Pharmaceutical companies invest billions of dollars in research and development to find new medications to treat diseases and hopefully save lives.

Given the fact that on average only one in 5,000 compounds ever discovered comes to market, the companies try to balance their investment with profit from those drugs that do become blockbusters. Once they have recovered their overall costs, and made a profit for their shareholders, they should be able to look forward to new discoveries and work on finding new ways to treat illnesses and make people’s lives better, right?

Well, not so fast. The latest in pharmaceutical magic to avoid the loss of patent protection and discourage the use of generics is to transfer the patent to an Indian tribe, considered a sovereign nation within the United States.

The longer drugmakers keep the exclusive right to make their products, the more money they can make.


In this case Allergan has paid the Saint Regis Mohawk Tribe in northern New York state $13.5 million with annual royalties expected to amount to $15 million a year to hold the patent of its dry-eye drug Restasis.

How does this help Allergan? Well, Restasis was given an exclusive patent in October 2002. Since then it has made billions of dollars for the company and shareholders. But that patent is about to expire, and once it does, generic manufacturers are legally allowed to make the same product and sell it at a lower cost, eliminating the monopoly that the brand drug has on the market.

Although this is the first time a pharmaceutical company has boldly utilized a tribe to protect its patent, it’s not the only way that branded drug companies manipulate the market, albeit legally, to protect their profits.

With so much money at stake, many pharmaceutical companies work hard to get their medications sold without prescriptions.

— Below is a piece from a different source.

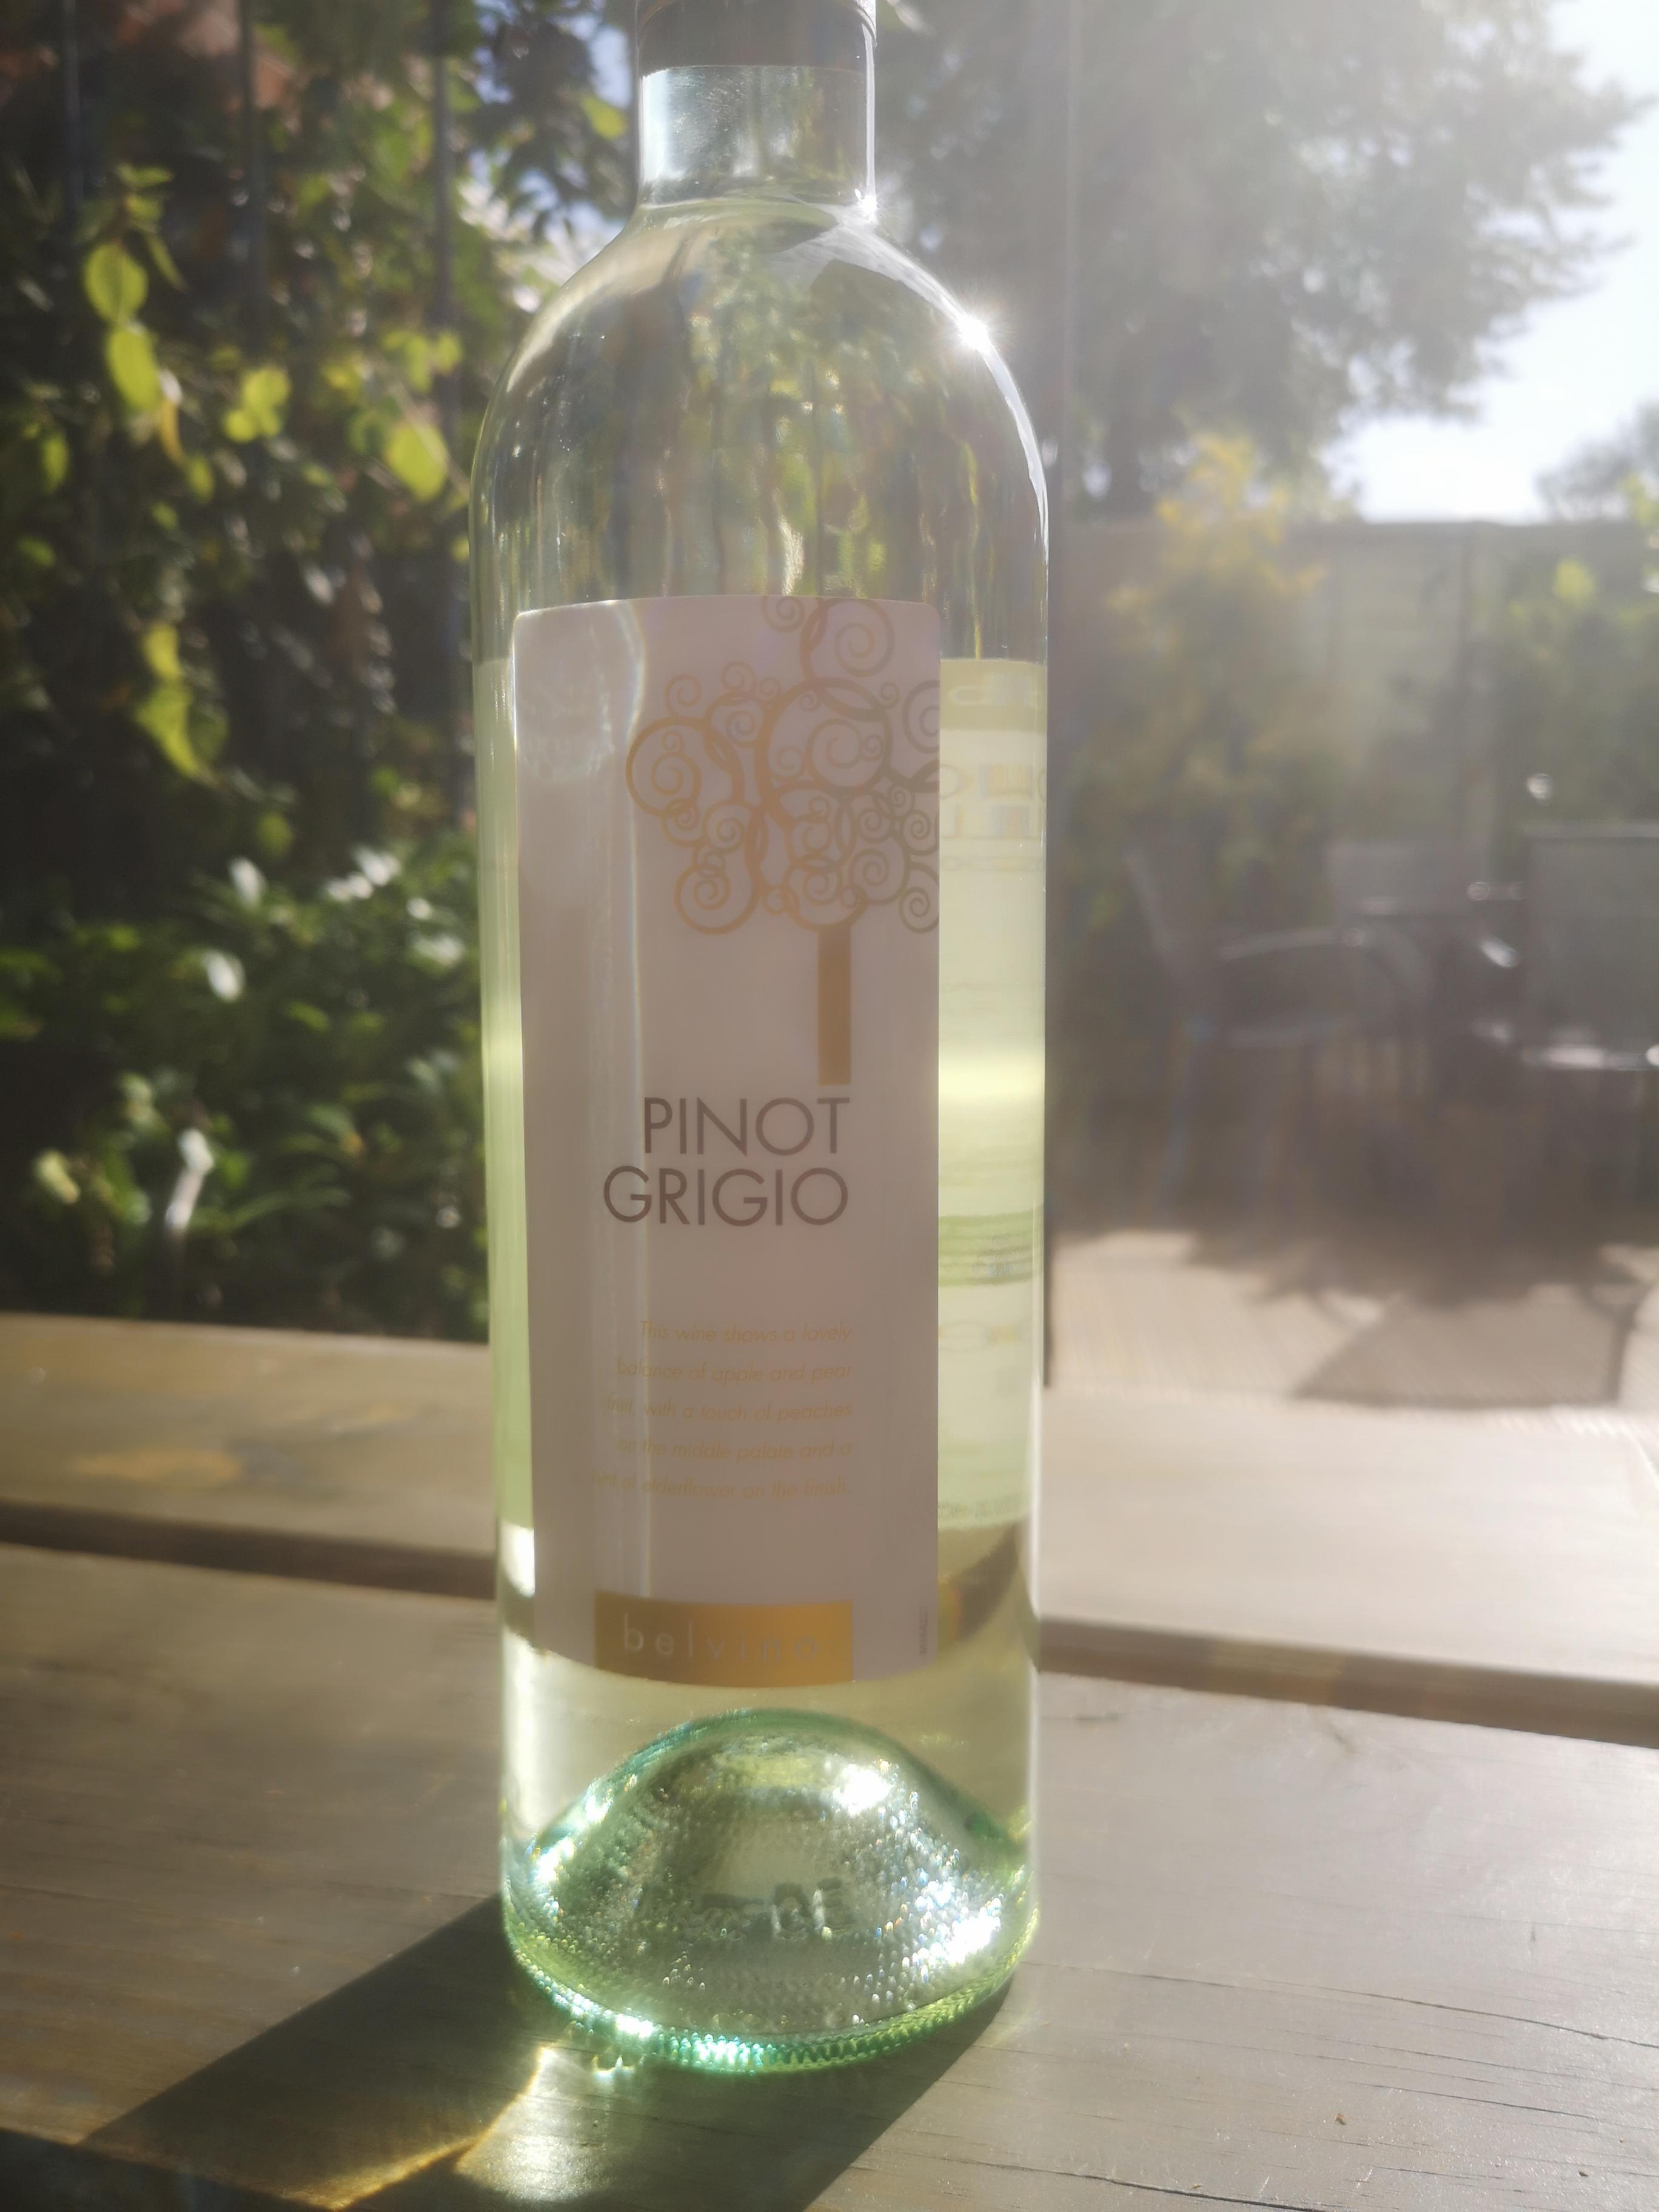 Belvino - Pinot

Claritin, one of the first allergy medications to require a prescription, is now heavily marketed on television and in ads as an easy over-the-counter way to treat allergies without having to see a doctor. Allegra, Zyrtec, Flonase and others have all followed suit.

Prilosec came next, with the original approval for prescription only and then subsequently sold at a lower dose over the counter, and now at full prior prescription dose without any physician approval needed at all.

While the cost of health care increases, and payments to hospitals and providers are lowered in an attempt to rein in spiraling costs, the one area that seems to be slipping through the cracks is the pharmaceutical industry.

Each of these have generics available, even store brands like Costco’s Kirkland. But still, the original-brand medications are in demand.

Coupons are another way the pharmaceutical companies keep their money coming in. Go to the website of many branded medications and copay coupons are readily available. Some are even in magazines and newspaper inserts.

The idea is that if the copay is the same for the branded medication versus the generic, patients will want the fancier option, and yet the total cost of the drug to the insurance company can be hundreds or thousands of dollars different for a one-month supply. The pharmaceutical company keeps its money coming in and patients are none the wiser.

Who pays the higher cost? Well, eventually the consumers paying for their insurance or taxpayers paying for the federally run programs like Medicare and Medicaid.

Another common tactic is the development of longer-acting medication or sustained-release formulas. Many medications are initially approved for use based on the research done that shows improvement of a medical condition when the drugs are taken. However, rarely are all formulations presented with the initial application.

This allows for the slightly altered versions to be introduced later in the patent cycle, with the hopes of extending the monopoly the brand name drug has on its compound. Often the longer-acting medication is promoted as superior because of a greater duration of action, but these formulations do not have to prove clinical superiority in order to be brought to market.

Once a patent expires, another mechanism brand name drugmakers employ to retain their profit producing pharmaceuticals is to pay the generic companies to delay the production of their medication. The FDA already has a several year backlog, and often generic drugs have to wait for their approval. But in addition, some companies have chosen to pay the makers of the cheaper drugs to delay even longer.

The overall cost of this practice to consumers and taxpayers is upwards of $3.5 billion. However, the cost to the pharmaceutical companies is much less given their longer patent exclusivity that results.

When all else fails, the pharmaceutical companies can just purchase the generic manufacturers for their drugs. After all, the original company may be in the best position to continue to make the same medication, and if they hold the rights to the generic formula, then they can also determine its price. This may help explain the rising costs of generic medications as well.

The latest move that Allergan has made to protect its billion-dollar drug Restasis is just one of the many egregious ways that pharmaceutical companies legally protect their monopolies on profits from medications. Until the law undergoes closer scrutiny, it’s unlikely to change.

While the cost of health care increases, and payments to hospitals and providers are lowered in an attempt to rein in spiraling costs, the one area that seems to be slipping through the cracks is the pharmaceutical industry.

As more drugs come to market, one can only wonder when the spotlight will shine on one of the highest costs in health care: pharmaceuticals. Time will tell if this or any administration in power will change what’s becoming one of the best-performing industries on Wall Street — drug companies.